Inhibition of C. albicans SC5314 hyphal morphology was observed when treated with either of the HIV-protease inhibitors (lopinavir (LPV), atazanavir (ATV), saquinavir (SQV) or ritonavir (RTV)) (16 μg/mL), amphotericin B (AMB) (0.06 μg/mL) or their combinations (LPV/AMB, ATV/AMB, SQV/AMB, RTV/AMB). C. albicans cells were incubated at 35°C. The photos were taken 4 hours after treatment.
HIV-PIs, in combination with AMB, inhibit the biofilm formation of C. auris
Since the combinations of HIV-PIs/AMB demonstrated the ability to interfere with hyphae formation, we hypothesized that they would also inhibit biofilm formation. C. auris AR0390 was incubated with sub-inhibitory concentrations of HIV-PIs and AMB, and the biofilm mass was stained with crystal violet. As expected, the combinations significantly reduced C. auris biofilm formation by 60–75% (Fig 3).
The ability of the HIV-protease inhibitors (atazanavir (ATV), saquinavir (SQV), ritonavir (RTV), lopinavir (LPV) at (16 µg/mL))-amphotericin B (AMB) (0.06 µg/mL) combination to inhibit the formation of C. auris AR0390 biofilms was determined by crystal violet assay. **** denote a statistically significant difference of C. auris cell treated with the combinations (ATV/AMB, SQV/AMB, LPV/AMB, and RTV/AMB) as compared to the control-untreated cells (P < 0.0001).
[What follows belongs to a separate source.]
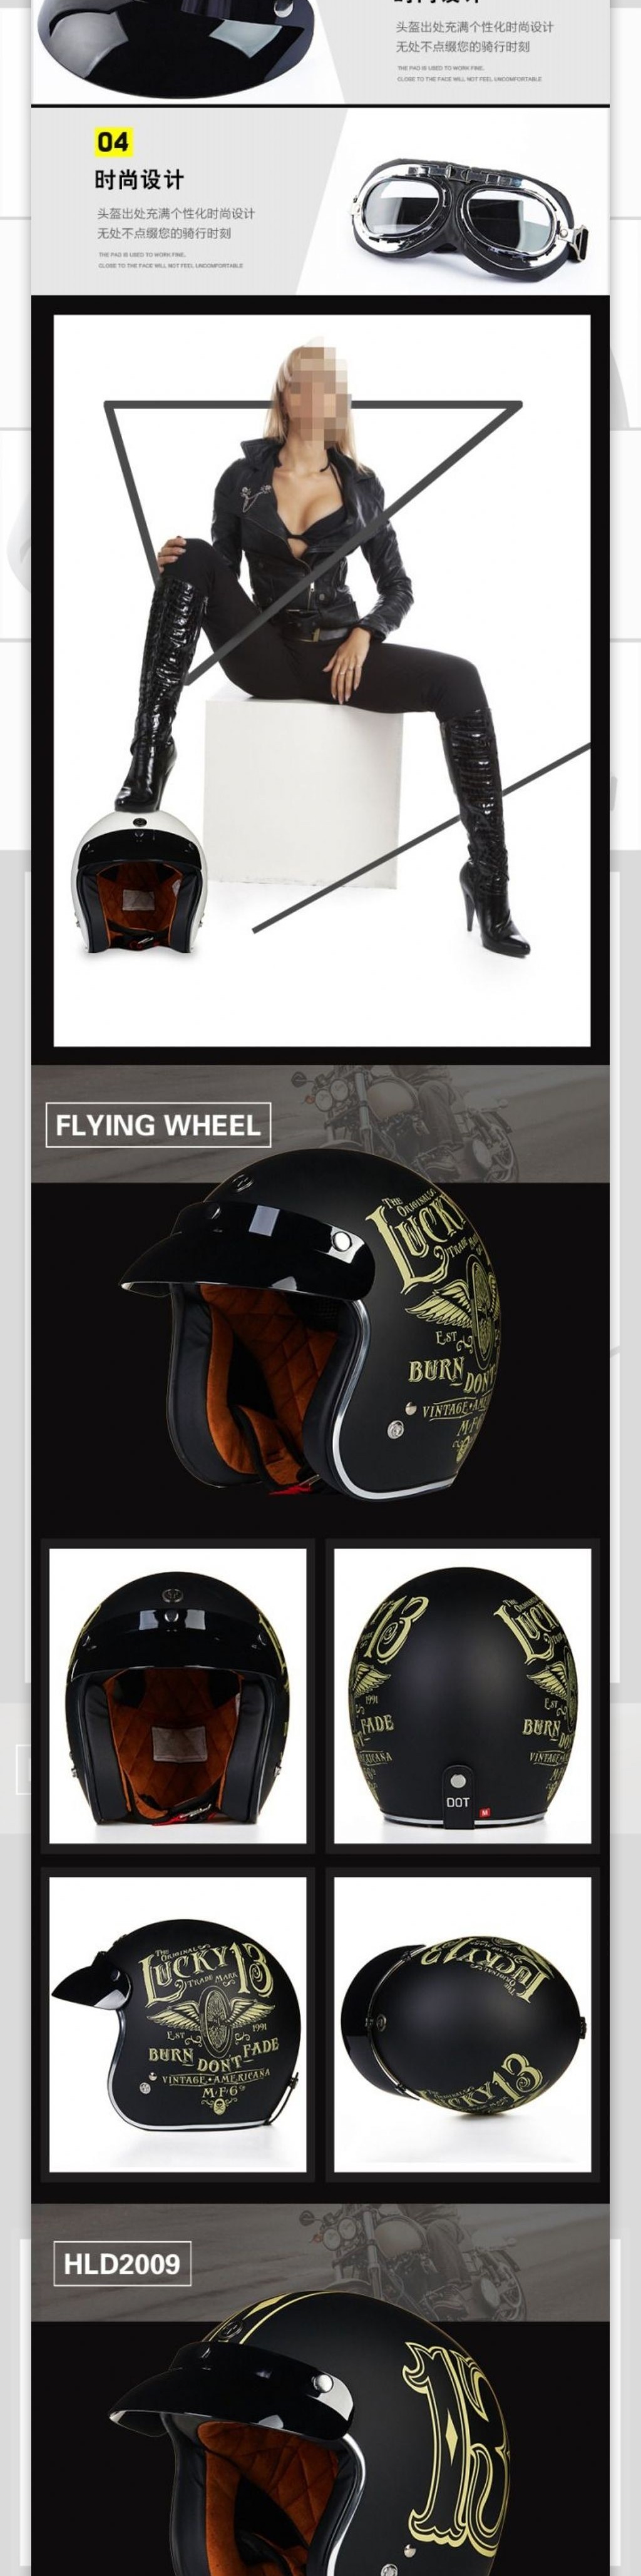 摩托车头盔详情页设计

The combinations of HIV-PIs/AMB reduce the fungal burden of C. auris in C. elegans
The promising antifungal activity of the HIV-PIs/AMB in vitro and its potent anti-virulence activity against hyphae and biofilm formation encouraged us to evaluate the efficacy of the combinations in vivo using C. elegans model. To evaluate the in vivo antifungal efficacy of the combinations, C. elegans were infected with an AMB-resistant strain of C. auris AR0390. After 4 hours infection period, the worms were washed and subsequently treated with HIV-PIs (16 μg/ml), AMB (0.5 μg/ml) or a combination of both. The combinations of ATV/AMB, SQV/AMB, LPV/AMB, and RTV/AMB significantly reduced the C. auris burden in C. elegans by 1.7–2.6 log10 (Fig 4).
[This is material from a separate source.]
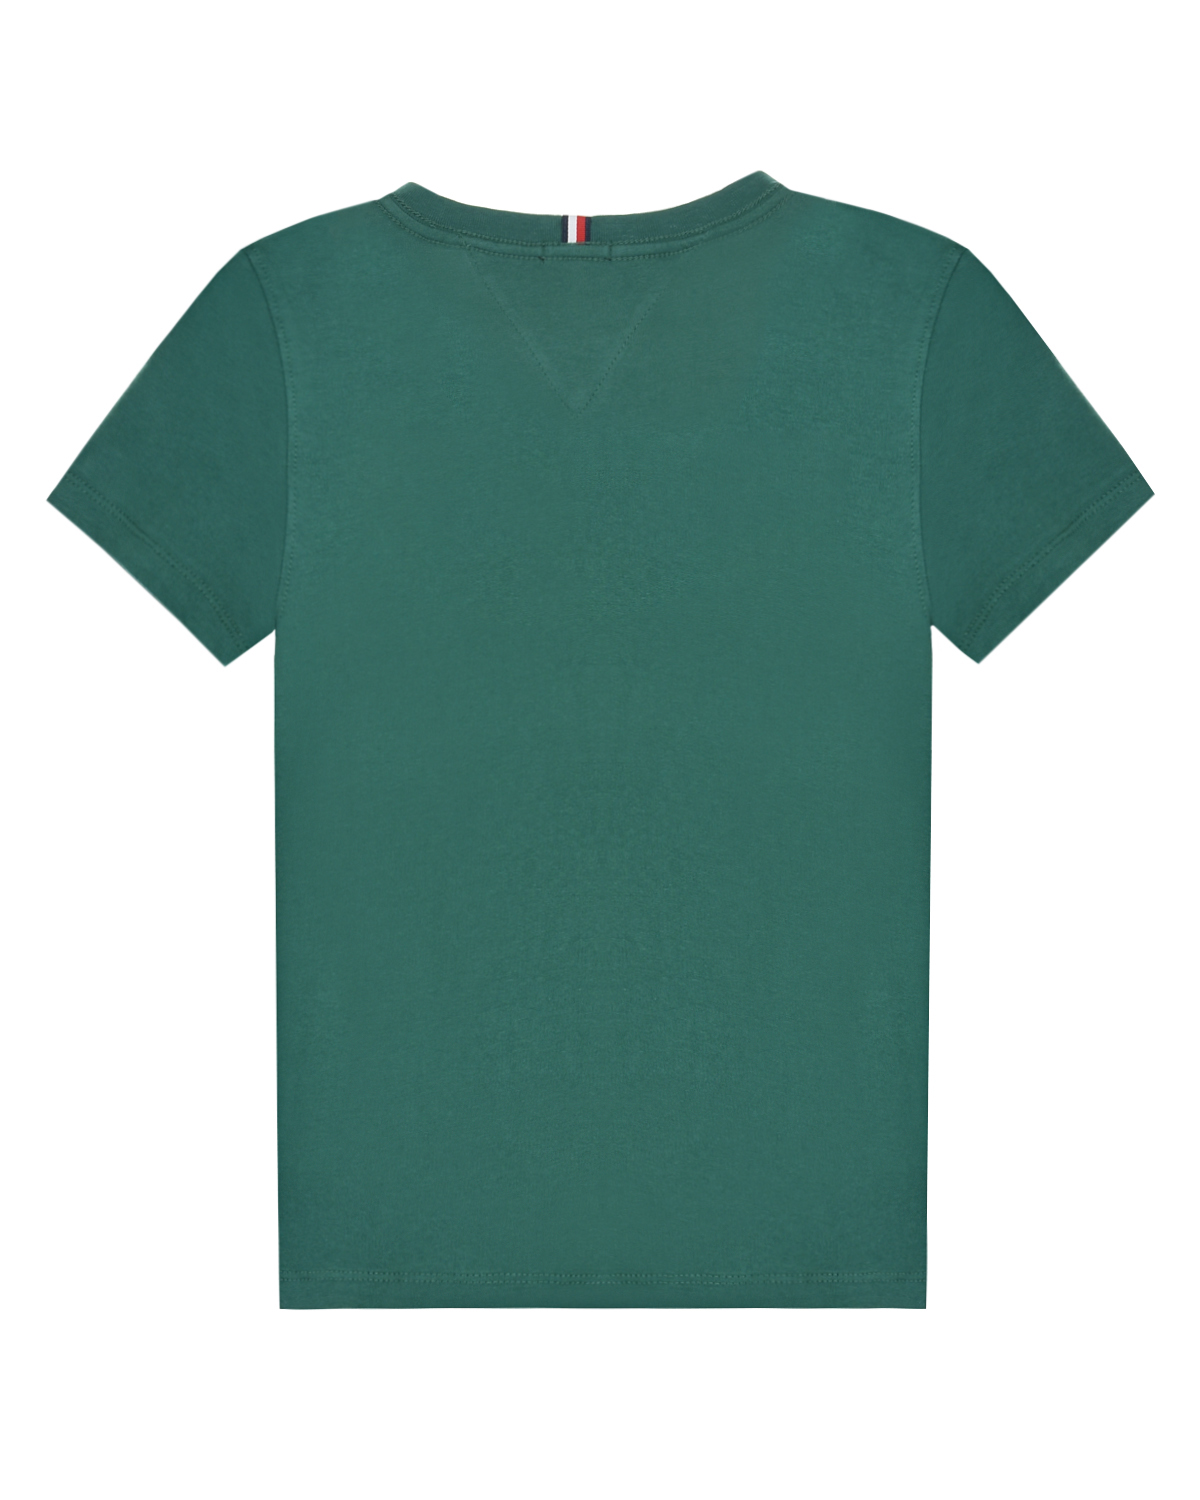 Зеленая футболка с логотипом Tommy Hilfiger детская, размер 116, цвет зеленый - фото 2

The fungal burden in infected C. elegans was quantified by plating homogenized worms on YPD agar and counting colony-forming units (CFUs). The combination treatment groups exhibited a marked reduction in fungal burden compared to the single-drug treatments and control. Data are presented as mean ± SEM, with **** represents P value < 0.0001 calculated using one-way ANOVA for Log10 CFU.
Discussion
Invasive candidiasis is the most common fungal infection in humans and pose a significant risk to people with weakened immune systems [38]. In contrast to bacterial infections, only three major classes of antifungal drugs—azoles, polyenes, and echinocandins—are available for treating invasive fungal infections. This limitation arises primarily from the eukaryotic nature of fungal cells, which makes it difficult to identify drug targets that are unique to fungi and not shared with human cells [38,39]. Additionally, there are limited new antifungal classes in development, with ibrexafungerp, a triterpenoid, being the first novel class introduced in nearly 30 years [40]. While it may be useful for treating invasive candidiasis, including C. auris infections, its clinical use is still limited, and it is currently approved only for the treatment of vulvovaginal candidiasis [5].
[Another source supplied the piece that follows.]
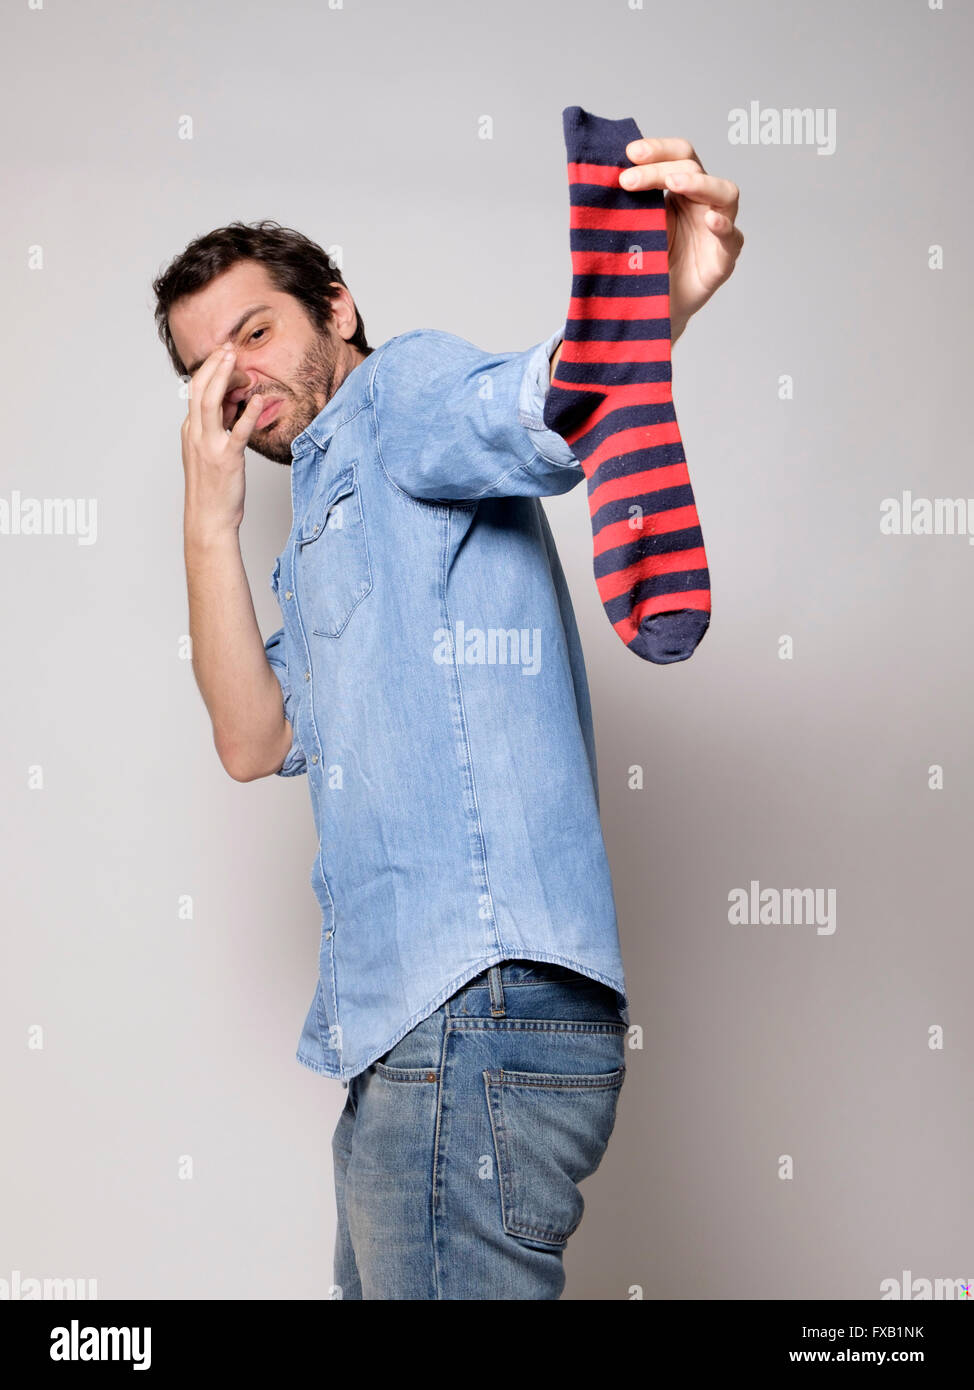 Mann eine stinkende Socken riechen Stockfotografie - Alamy

AMB is the current standard treatment for fluconazole-resistant fungal infections, as it binds to ergosterol and disrupts the fungal plasma membrane. Despite its toxic potential, it remains useful in the treatment of invasive fungal diseases owing to its broad spectrum of activity, low resistance rate, and excellent clinical and pharmacological outcomes [11]. However, 30% of C. auris isolates are resistant to AMB, potentially due to the overexpression of several mutated ERG genes that lead to reduced ergosterol levels. Moreover, pan-resistant C. auris isolates have been reported in the United States [41]. Thus, there is an urgent need to develop co-drugs that enhance the antifungal activity of AMB while reducing its toxicity.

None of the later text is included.